Wenn eine Mutter an ihre Grenzen stößt
Dies ist eine wahre Geschichte meiner Freundin, die ich Kari nennen werde. Sie ist 31 Jahre alt, glücklich verheiratet und hat drei Töchter im Alter von 4 Jahren und jünger. Es geht um einen Tag, an dem alles völlig außer Kontrolle geriet.
„Mama, ich will Orangensaft.“
Es war wie jeder andere Morgen.
Das Geschirr von gestern Abend strömte aus dem Spülbecken, das Baby weinte und das Kleinkind hatte gerade sein Frühstück auf den Boden fallen lassen.
„Ugh. Nicht schon wieder“, seufzte Kari leise.
Sie bückte sich und fegte mit den Fingerspitzen die noch warmen Rühreier vom Linoleumboden zurück auf den Pappteller.
„Neeein!“ Ihr Kleinkind schrie und trat mit den Beinen auf den Boden.
„Ich will thooooooose!’
Im Inneren konnte Kari es spüren. Ein heißes Gefühl in ihrer Brust. Ein Feuer, das zu wachsen drohte.
„Mama, kannst du mir eine Gabel besorgen?“ fragte ihr Vorschulkind.
„Im Moment nicht. Moment mal.“
„Oh nein, ich habe gerade meine Milch fallen lassen!“
Und drinnen wurde das Feuer heißer.
Atmen Sie tief durch.
Das Weinen und Jammern und die Bitten und Bedürfnisse. So viele Bedürfnisse. Ständig.
Und mit jeder weinerlichen Silbe war es, als würden ihre Töchter Feuerzeugflüssigkeit auf ein Feuer in ihrer Brust drücken. Ein Feuer, das sich ausbreitete. Langsam und leise.
Nach dem Frühstück war es Zeit, sich anzuziehen. Kari forderte das Kleinkind auf, ihren roten Rock anzuziehen. Aber es gab Tränen und Dramatik und dann 13 Minuten Diskussion über die verschiedenen Optionen – die grünen Shorts und die rosa Jeans und den Rüschenrock. Und mit jeder neuen Option wurde das Feuer immer heißer. Es begann, außer Kontrolle zu geraten.
Irgendwann konnte Kari nicht einmal mehr über das Outfit sprechen. Es war ihr egal. Wortlos stand sie auf und ging weg. Ihre Tochter weinte.
Kari wandte sich nun dem Vorschulkind zu, einem 4-Jährigen, der sensorische Probleme hat und es hasst, wenn seine Haare gebürstet werden. Und wie jeden Morgen bürstete Kari ihr Haar. Und wie jeden Morgen weinte ihre Tochter danach mehrere Minuten lang.
Wieder spürte Kari, wie die Lava in ihrer Brust brodelte. Dieses dichte, schwere Feuer, das immer weiter wuchs. Bald würde es sie verschlingen.
Ich muss in mein Zimmer. Ich werde es verlieren.

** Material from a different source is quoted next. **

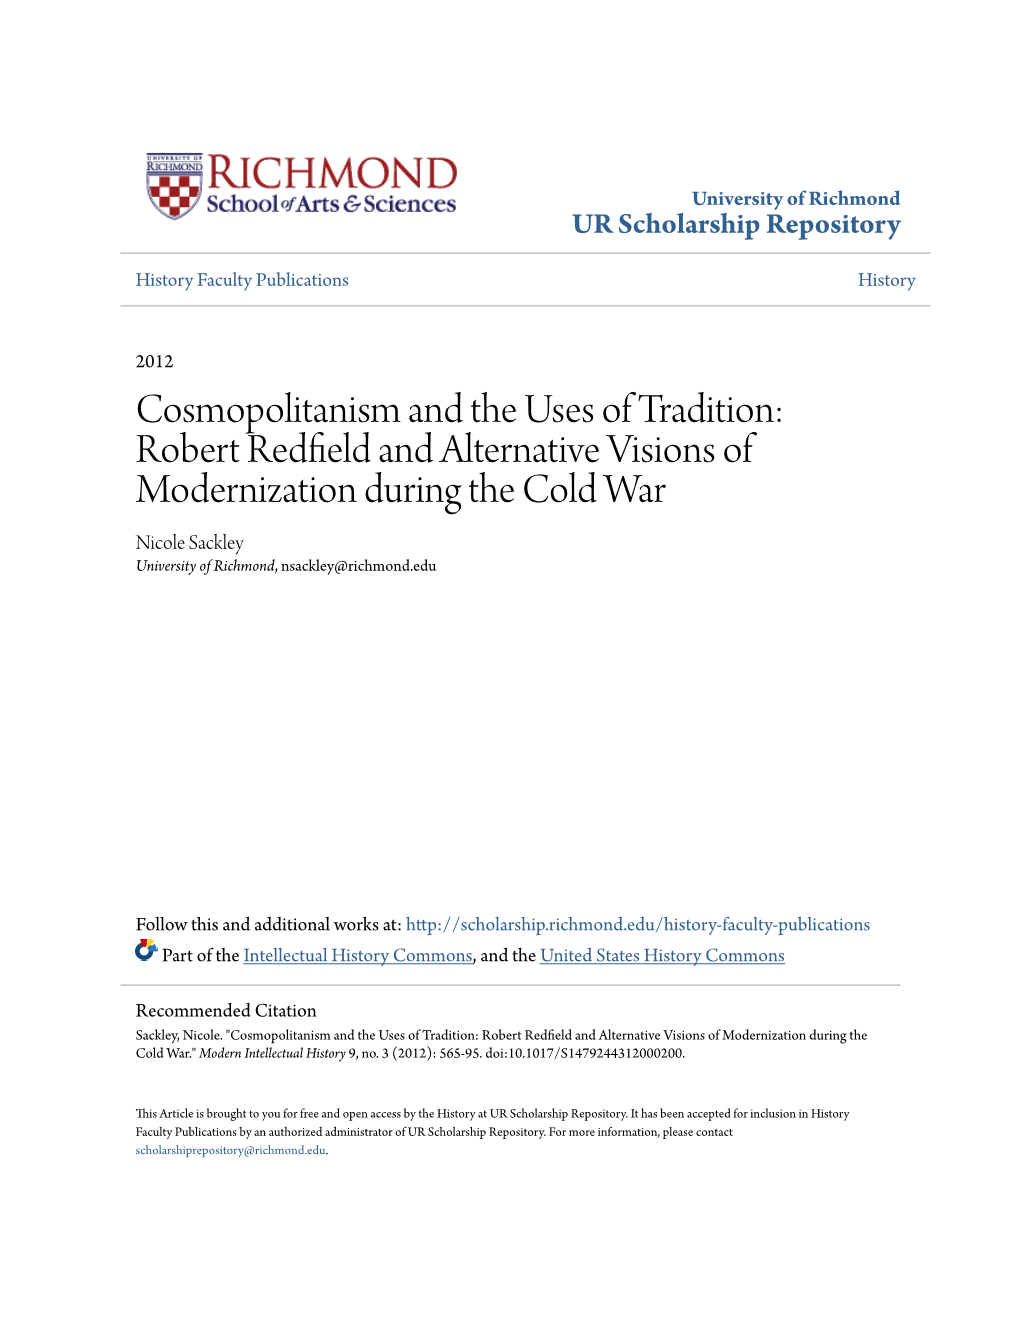 Cosmopolitanism and the Uses of Tradition: Robert Redfield and Alternative Visions of Modernization During the Cold War." Modern Intellectual History 9, No
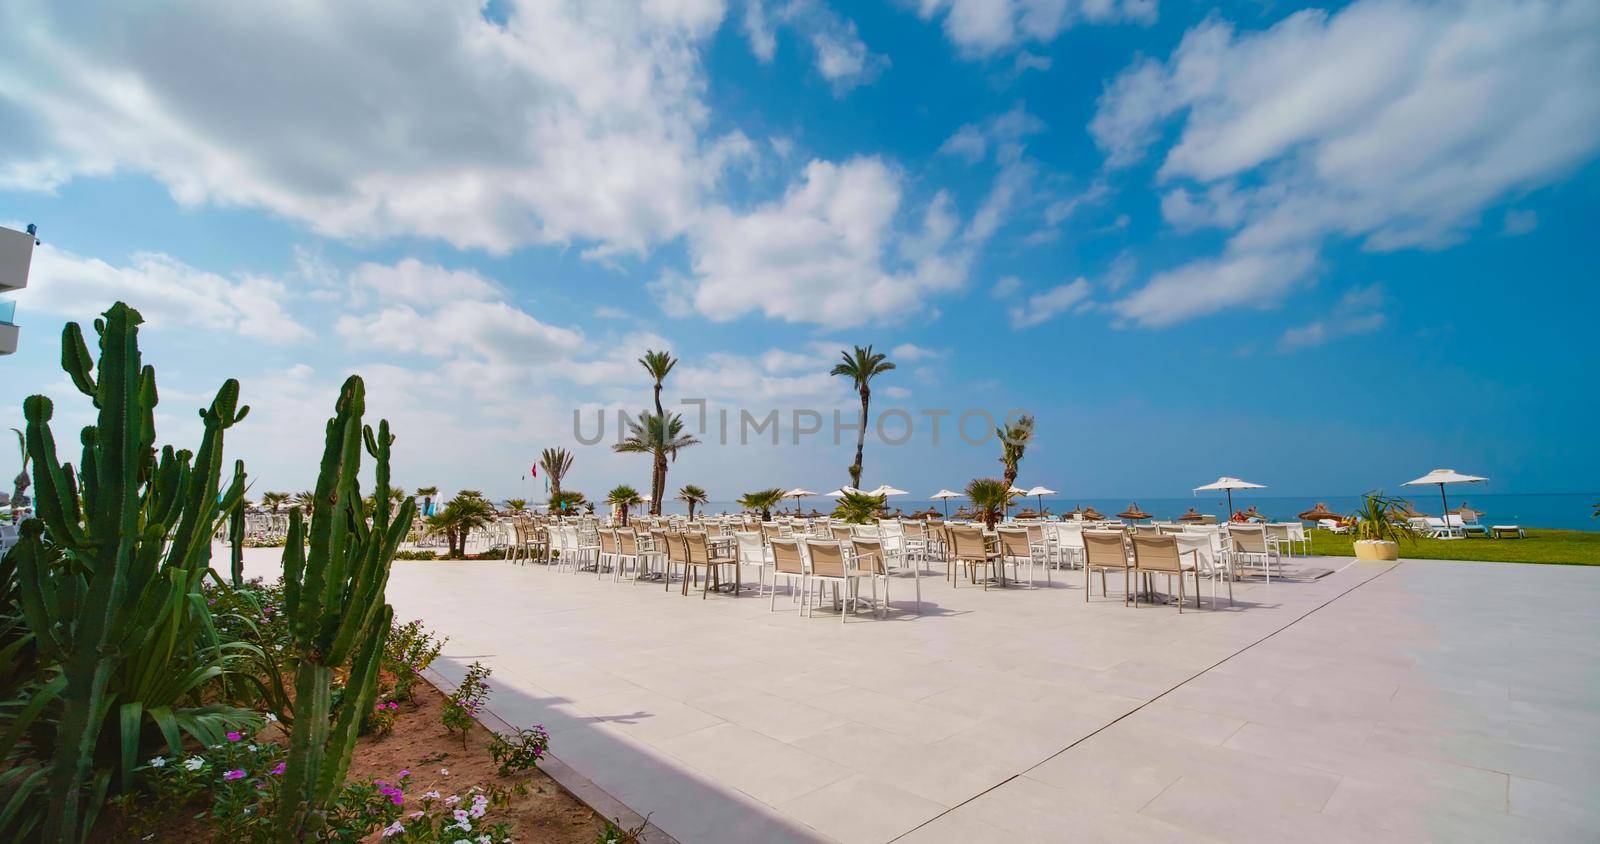 Tunisia, 2022: View of luxury terrace on a tropical beach in Tunisia, Africa. Beautiful garden on a luxury hotel, palm trees on seaside. Resort overlooking the Mediterranean Sea.

Kari legte das Baby in ihr Kinderbett, ging in ihr Zimmer und schloss die Tür. Sie schaute in den Spiegel. Es war 10 Uhr morgens und sie hatte weder ihre Zähne geputzt, noch ihren Schlafanzug ausgezogen, noch gefrühstückt, noch war sie auf die Toilette gegangen, seit sie aufgewacht war.
Sie setzte sich auf die Toilette, um zu pinkeln.
Und dann klopfte es an die Tür.
„Mamiyyyyyyy!“
Ihr Vorschulkind kam schluchzend herein. Das Plastikstück war wieder von ihrem Doc McStuffins-Spielzeug gefallen und jetzt funktionierte es nicht mehr. Kari saß immer noch auf der Toilette und baute sie für sie wieder zusammen.
„Bitte geh jetzt aus meinem Zimmer“, sagte Kari zu ihr.
Ihre Stimme war lauter geworden. Ihr Ton war scharf. Etwas war anders.
Ihre Tochter ging hinaus. Als Kari aufstand, zog sie ihre Yogahose hoch und sah ihr Vorschulkind wieder in ihrem Zimmer. Kari schluckte. Das Feuer in ihrem Inneren leckte ihr in die Kehle.
„Mama, es ist wieder kaputt gegangen“, schrie das Kleinkind unter Tränen.
Es kommt.
„Ich kann es nicht mehr reparieren. Bitte verlassen Sie mein Zimmer“, Karis emotionsloses Verhalten steigerte sich zu einem Schrei. Es war schrill und verzweifelt. Bitte lass mich in Ruhe, dachte sie.
Das Feuer drohte zu explodieren.
Die Tür wurde geschlossen.
Und wieder geöffnet.
„Mama, es ist immer noch nicht…“
„Geh jetzt raus!“
Die Flammen schossen aus ihrem Mund. Die Wut. Das Feuer. Die Frustrationen. Das kaputte Spielzeug und das Haarebürsten und die verschütteten Eier. Alle explodierten aus ihr heraus. Das Feuer im Inneren, das nicht mehr unter Kontrolle gebracht werden konnte, war gelöscht und wütete. Schreien und schreien und kreischen. All die Schrecklichkeit, all die Frustrationen und all die langwierigen Gespräche. All das „Ich muss pinkeln“ und „Bitte hilf mir dabei.“ Alles kam in einer wütenden Wut heraus.
Karis Herz raste und sie konnte nicht aufhören. Jedes Wort explodierte aus ihrem Mund, als würde ein Maschinengewehr auf ein Ziel schießen – immer und immer und immer und immer und immer wieder.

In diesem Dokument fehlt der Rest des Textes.